__Problem to work on__. Without including any pictures, write out the listing below exactly.

__Given material__.
**********
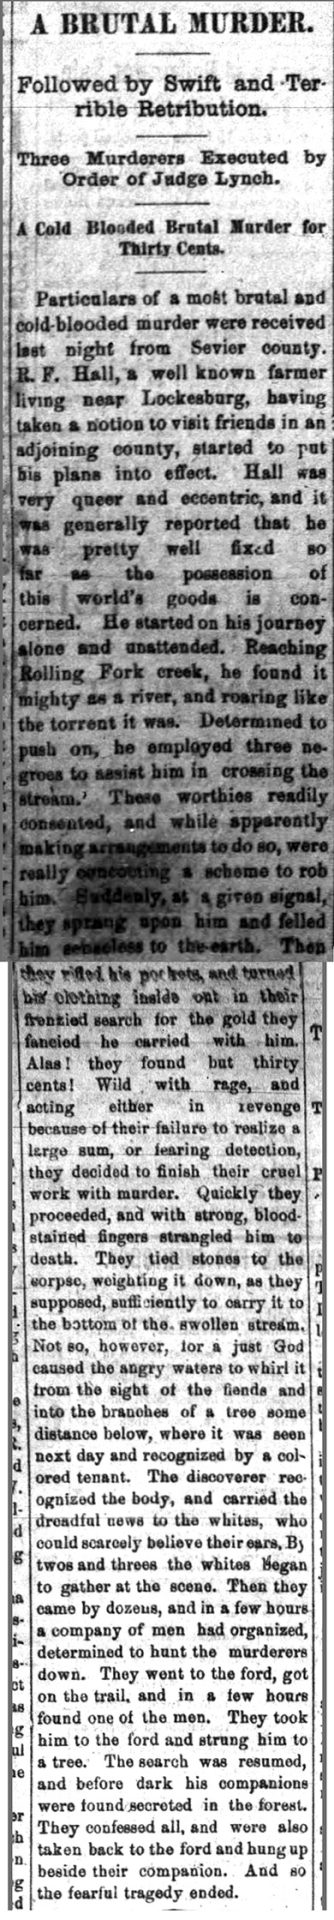 "A Brutal Murder" newspaper clipping
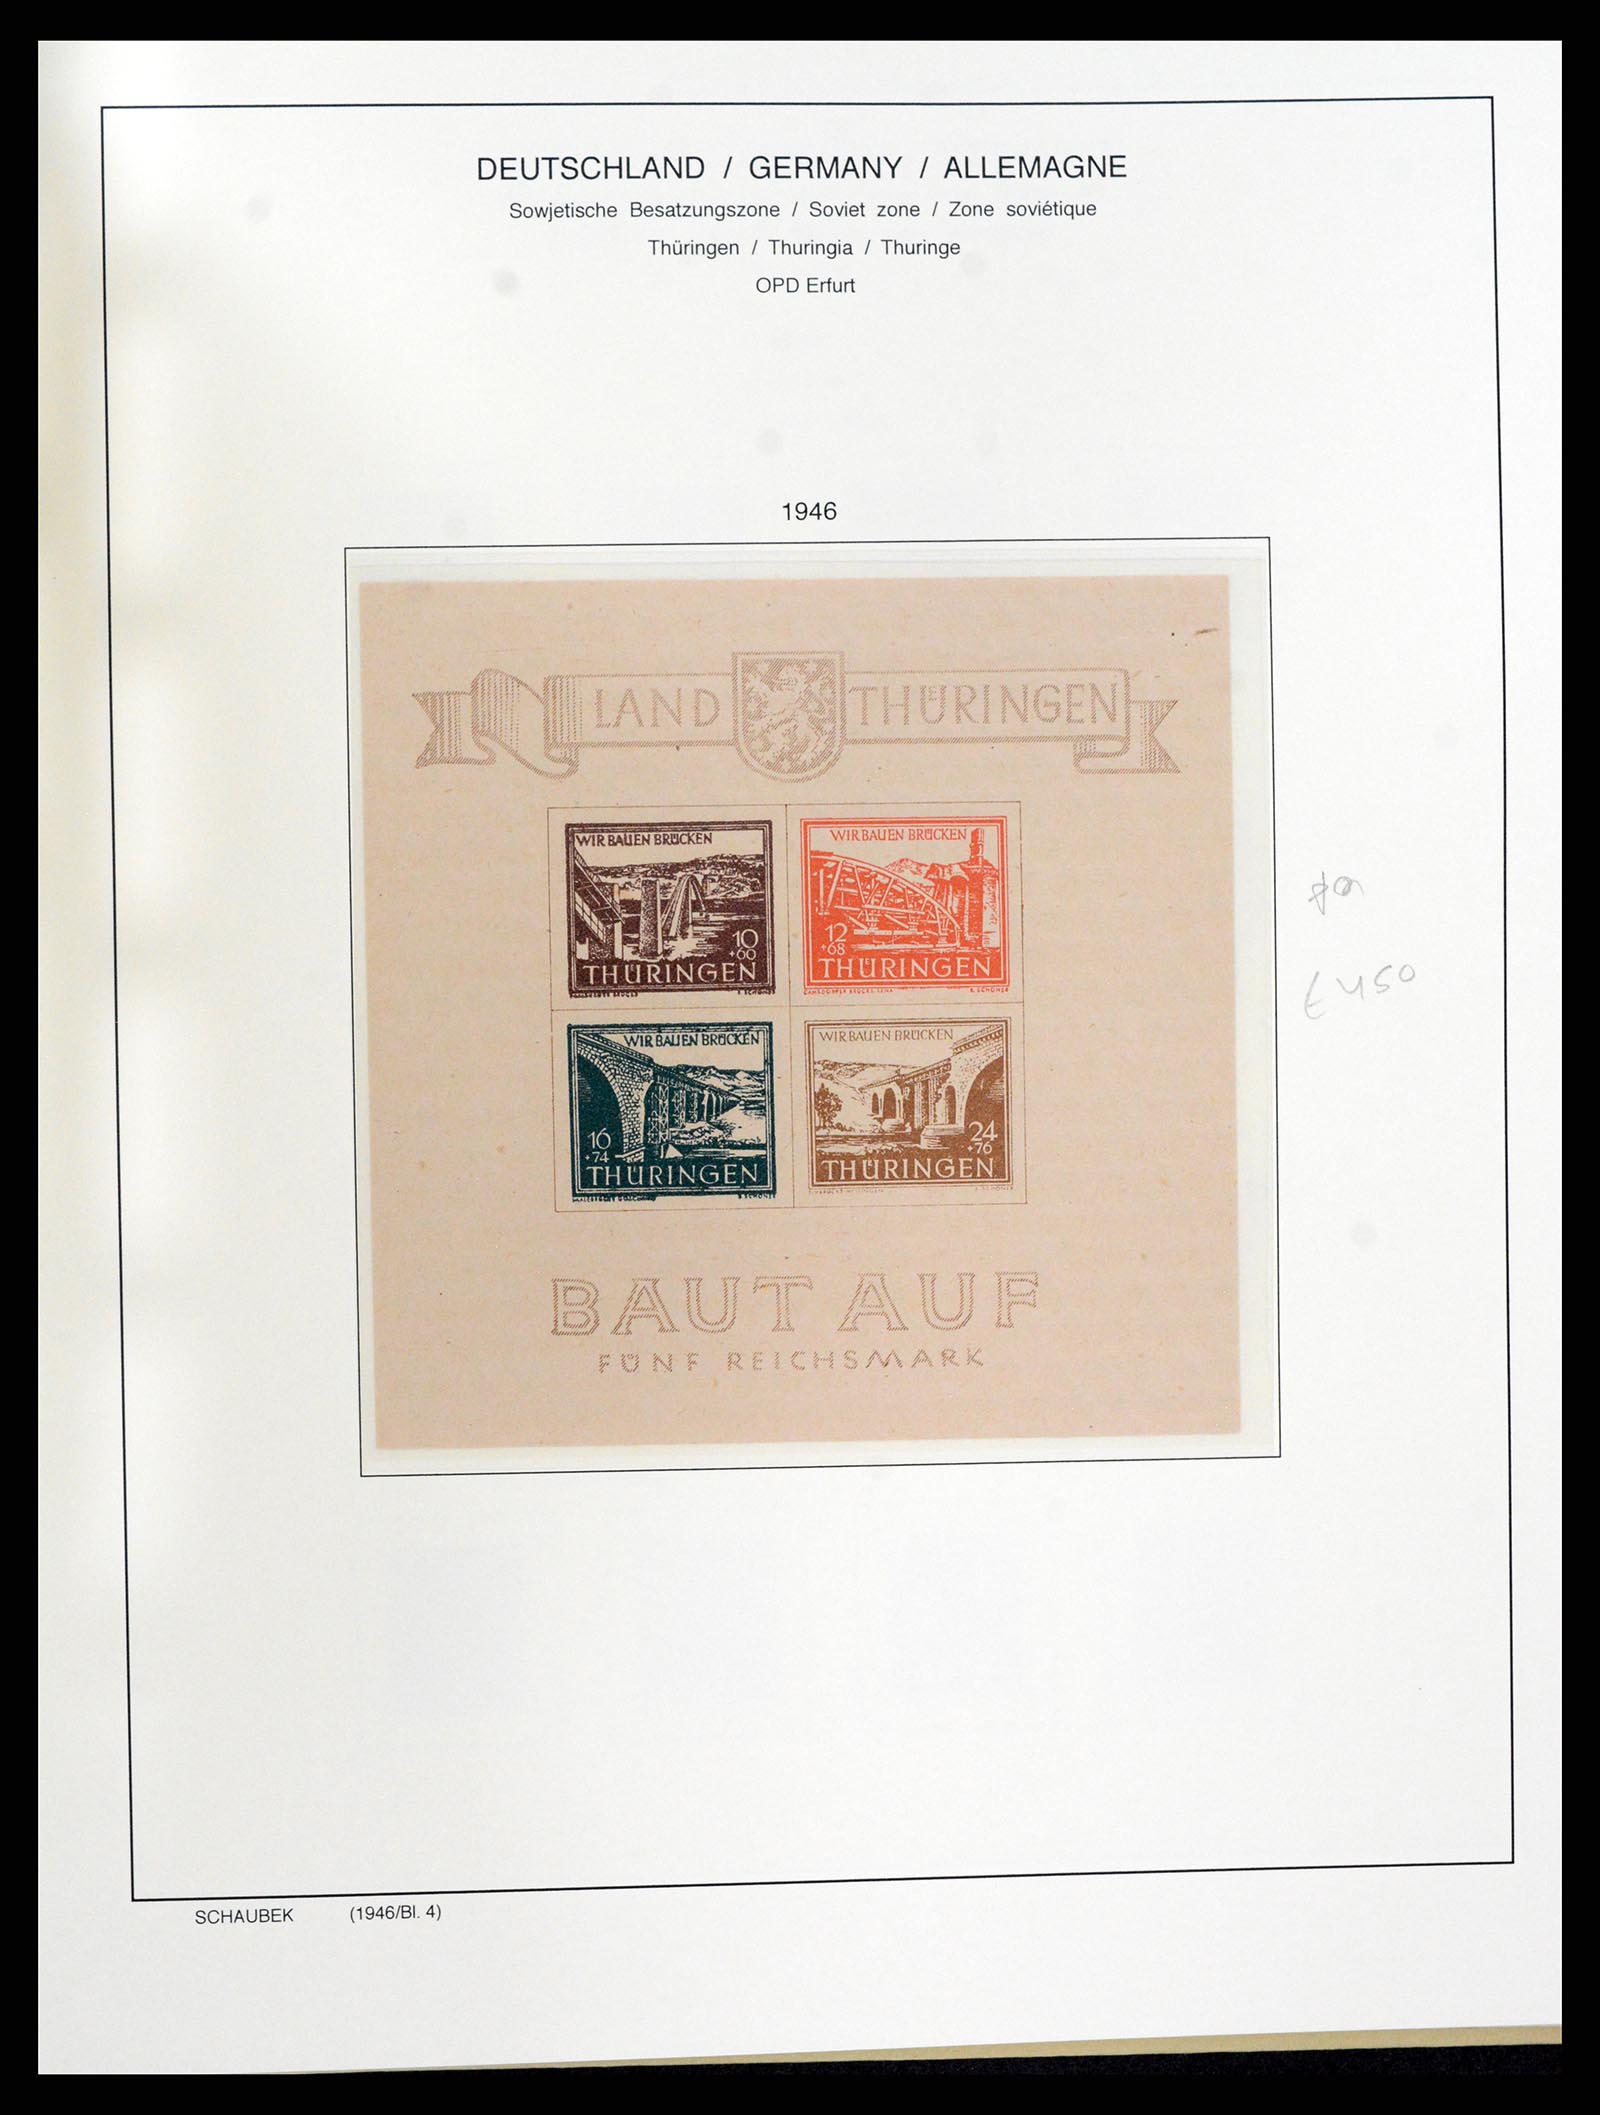 37645 036 - Stamp collection 37645 German Zones 1945-1949.
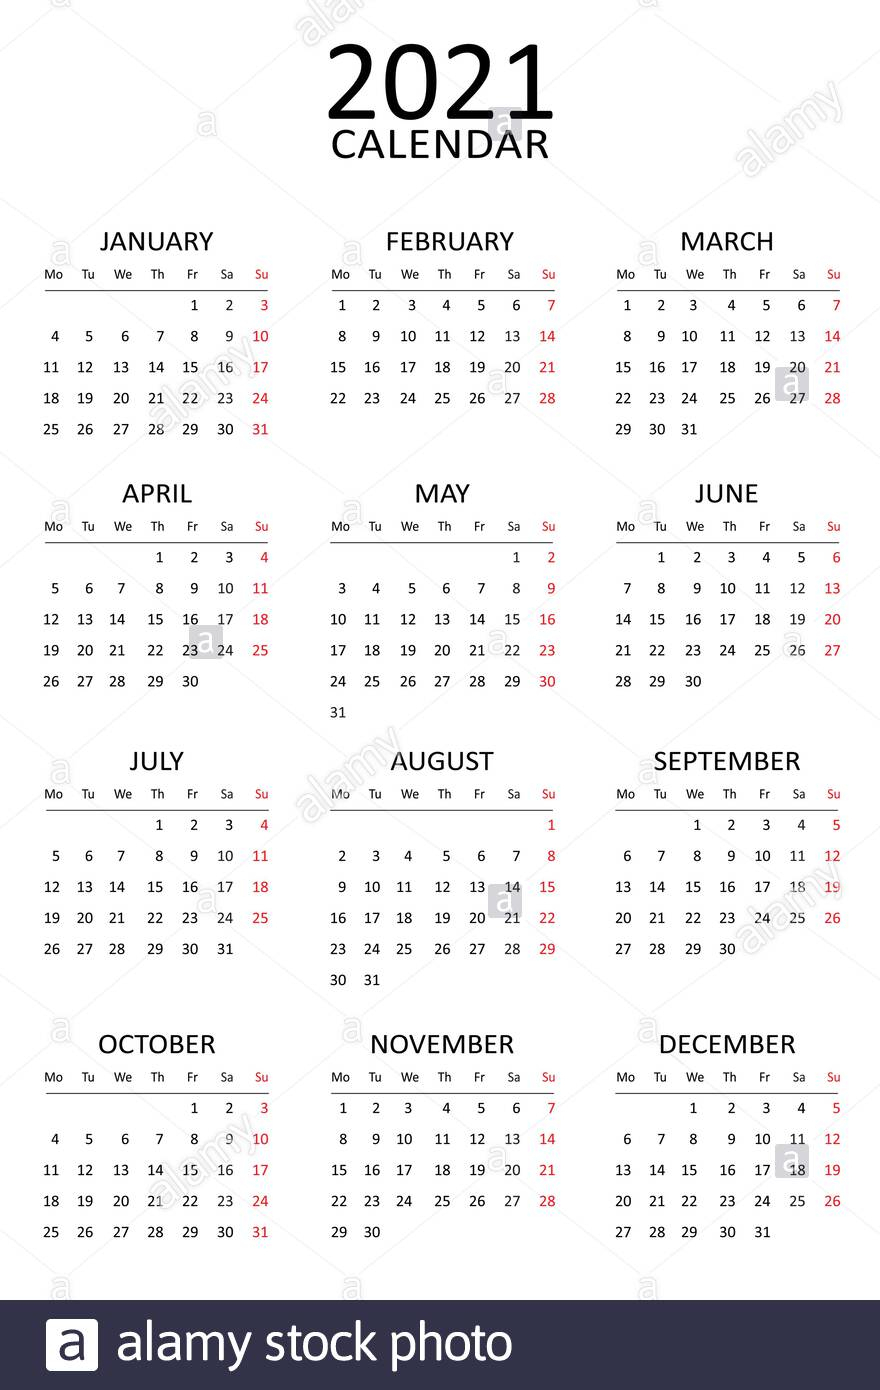 2021 Calendar Template. Simple Black And White Design. Week
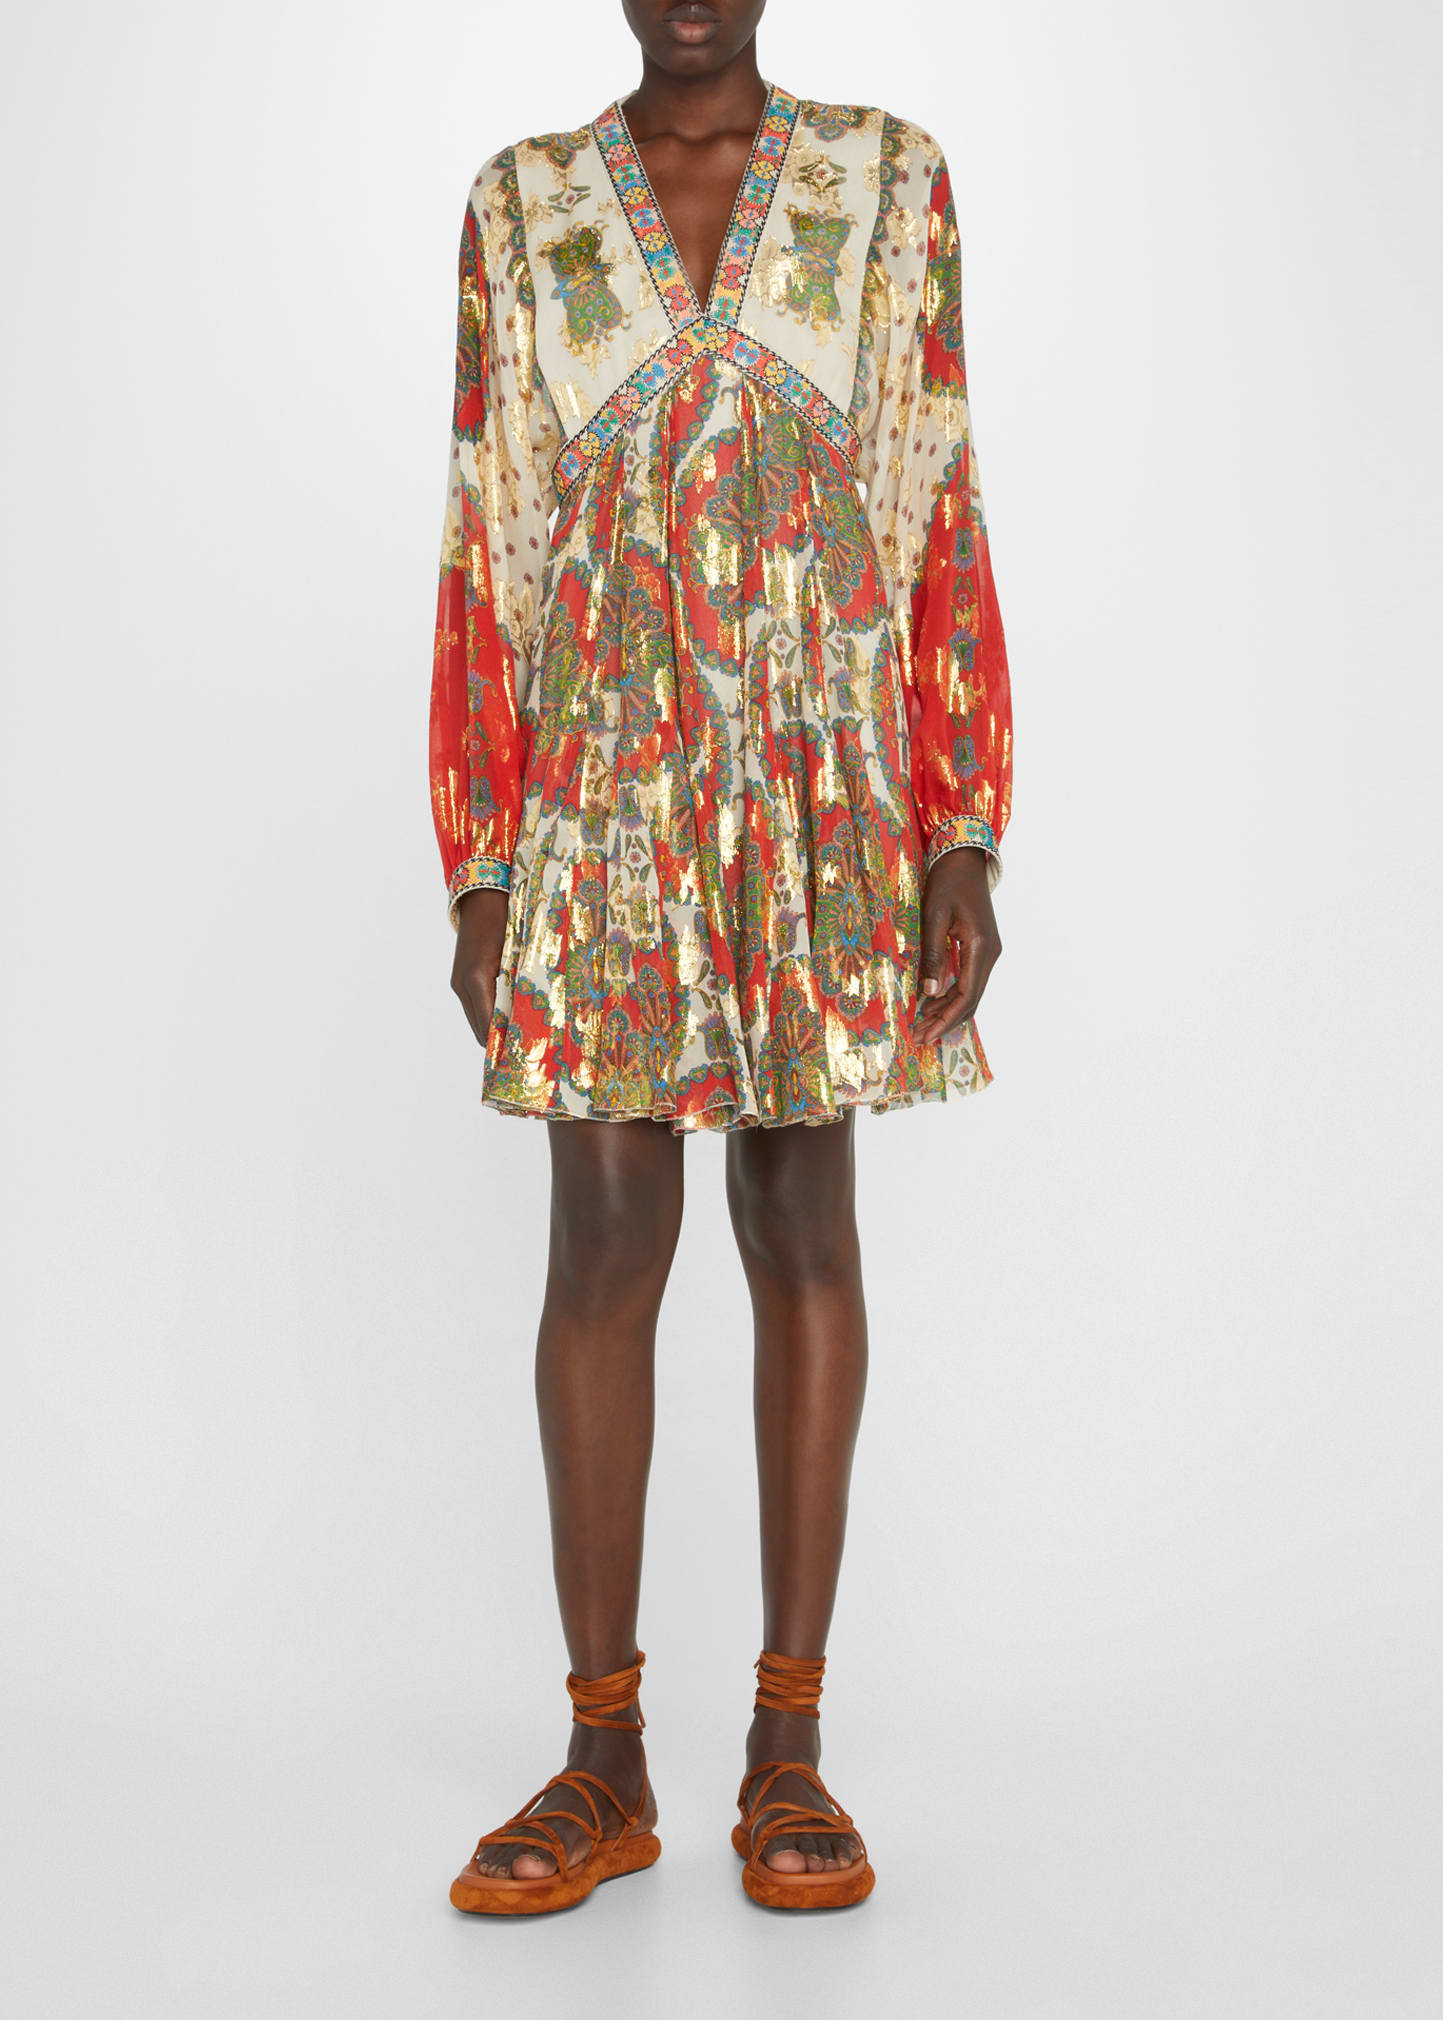 Irima Paisley-Print Metallic Floral Jacquard Dress
**********
__Task answer__.
 "A Brutal Murder" newspaper clipping
 37645 036 - Stamp collection 37645 German Zones 1945-1949.
 2021 Calendar Template. Simple Black And White Design. Week
 Irima Paisley-Print Metallic Floral Jacquard Dress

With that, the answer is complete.